Properties of phosphatidylcholine in the presence of its monofluorinated analogue.

In aqueous solution, the monofluorinated phospholipid 1-palmitoyl-2-[16-fluoropalmitoyl]sn-glycero-3-phosphocholine (F-DPPC) interdigitates without the use of inducing agents. To understand the thermal and physical properties of this unique lipid, F-DPPC was combined with the non-fluorinated 1,2-dipalmitoyl-sn-glycero-3-phosphocholine (DPPC), and 1,2-diarachidoyl-sn-glycero-3-phosphocholine (DAPC).
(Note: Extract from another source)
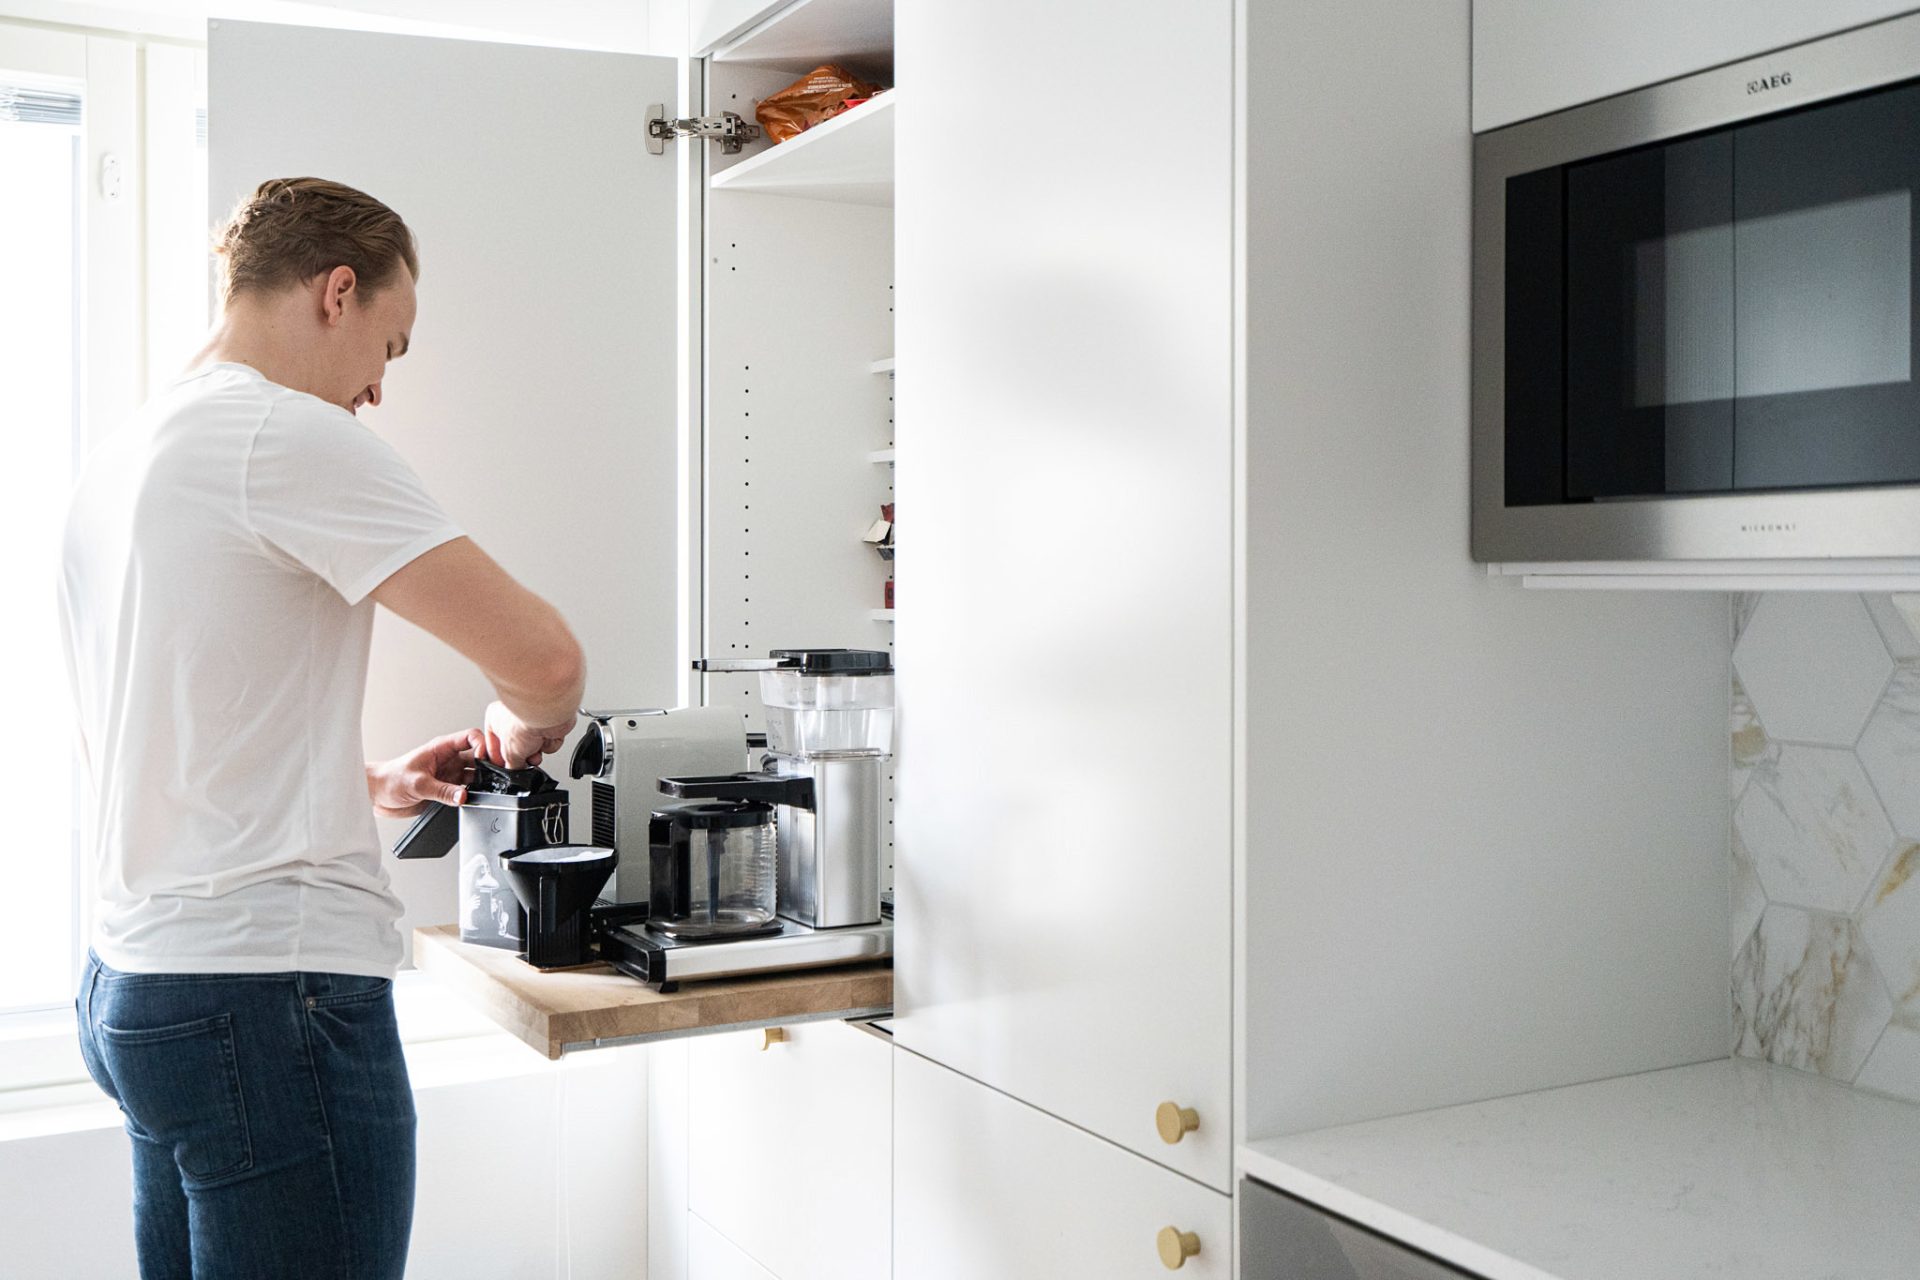 Aamiaiskaapin käytössä on huomioitava, että keittimien ja paahtimien käytössä ovi ei saa olla koskaan kiinni. Laitteista nouseva höyry ja lämpö vahingoittavat muutenkin helposti kalusteita, mikä on huomioitava esimerkiksi hyllyjen sijoittelussa. Unique Homen liukuva aamiaistaso tuo laitteet käytön ajaksi näppärästi ulos kaapista.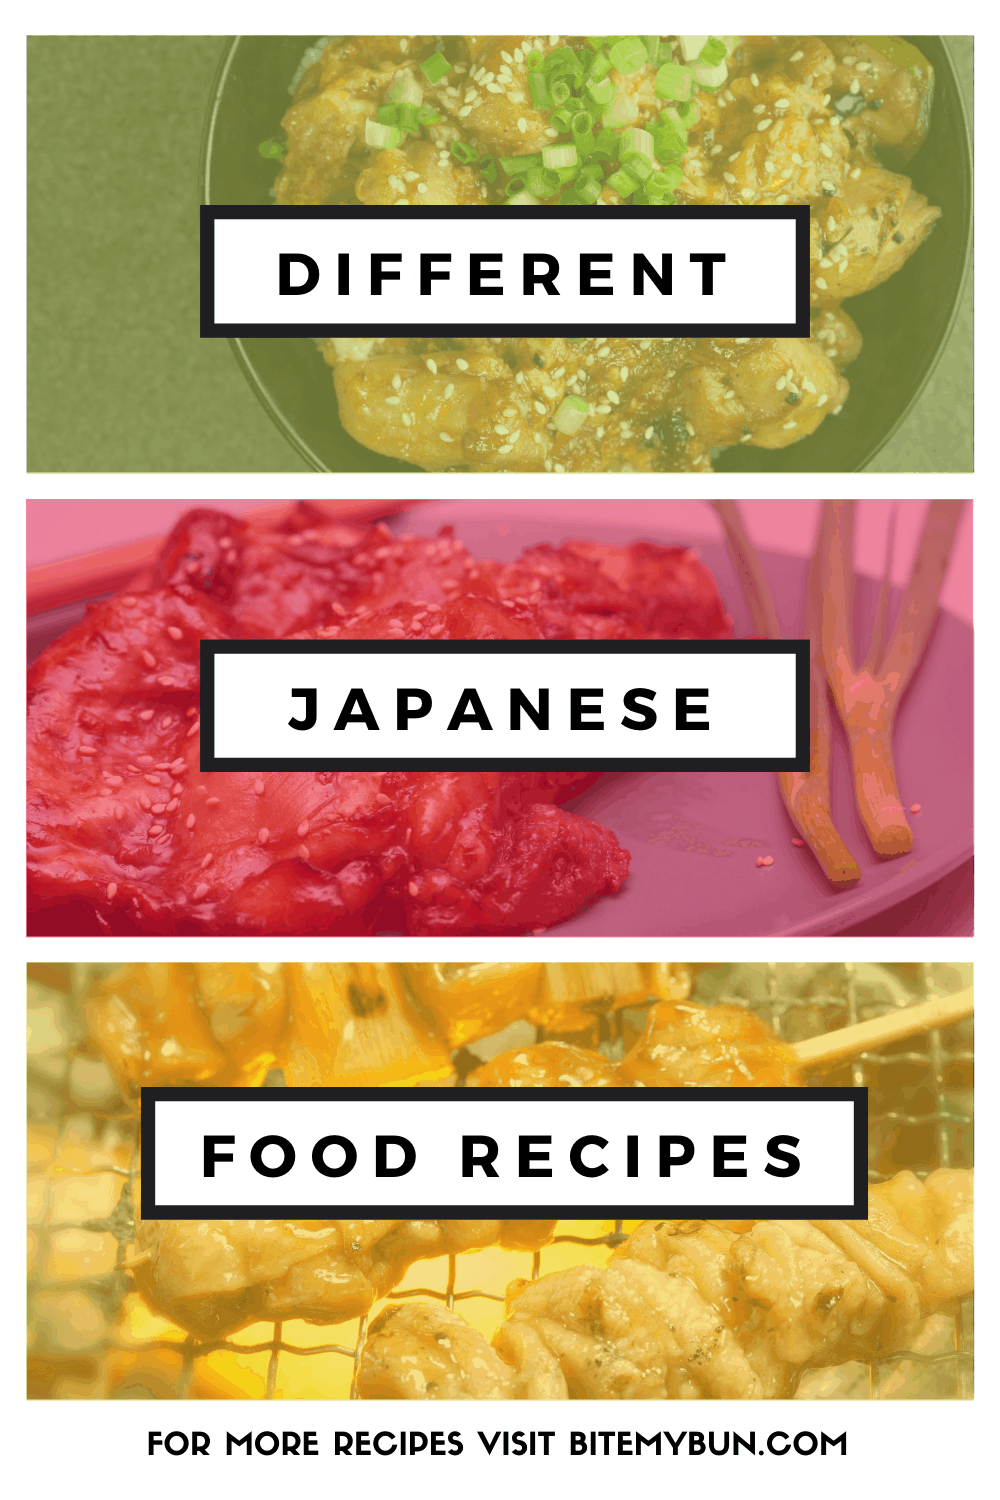 Recettes de cuisine japonaise

Differential scanning calorimetry (DSC) was used to determine the miscibility and thermotropic phase behavior of these binary lipid mixtures. In addition, the fluorescent probe 1,6-diphenyl-1,3,5-hexatriene (DPH) and a DPH-labeled analogue of DPPC, 2-(3-(diphenylhexatrienyl) propanoyl)-1-hexadecanoyl-sn-glycero-3-phosphocholine (beta-DPH HPC, aka DPH-PC or DPHpPC), were used to detect interdigitation. In F-DPPC, the fluorescence intensity of both probes decreased a similar amount and to a degree that is consistent with an interdigitated system. We also determined that there are two separate effects of increasing the ratio of F-DPPC in the DPPC/F-DPPC system. With low amounts of F-DPPC, there is little evidence that the system is heavily interdigitated. Instead, we hypothesize that the introduction of F-DPPC provides nucleation sites that alter the kinetics, reversibility, and temperature of the main transition (T(m)). At higher mol% of F-DPPC, we propose that interdigitated F-DPPC-rich domains form to create a phase-segregated system. While DPPC/F-DPPC was highly miscible, the DAPC/F-DPPC system was significantly less miscible. Additionally, we observed that DAPC/F-DPPC samples have reduced solubility in water, which affected the acquisition of fluorescence data. However, our DSC results indicate the existence of DAPC-rich and F-DPPC-rich components. Furthermore, this data support that the mixing was disruptive to lipid packing and that the presence of DAPC hinders the interdigitation of F-DPPC.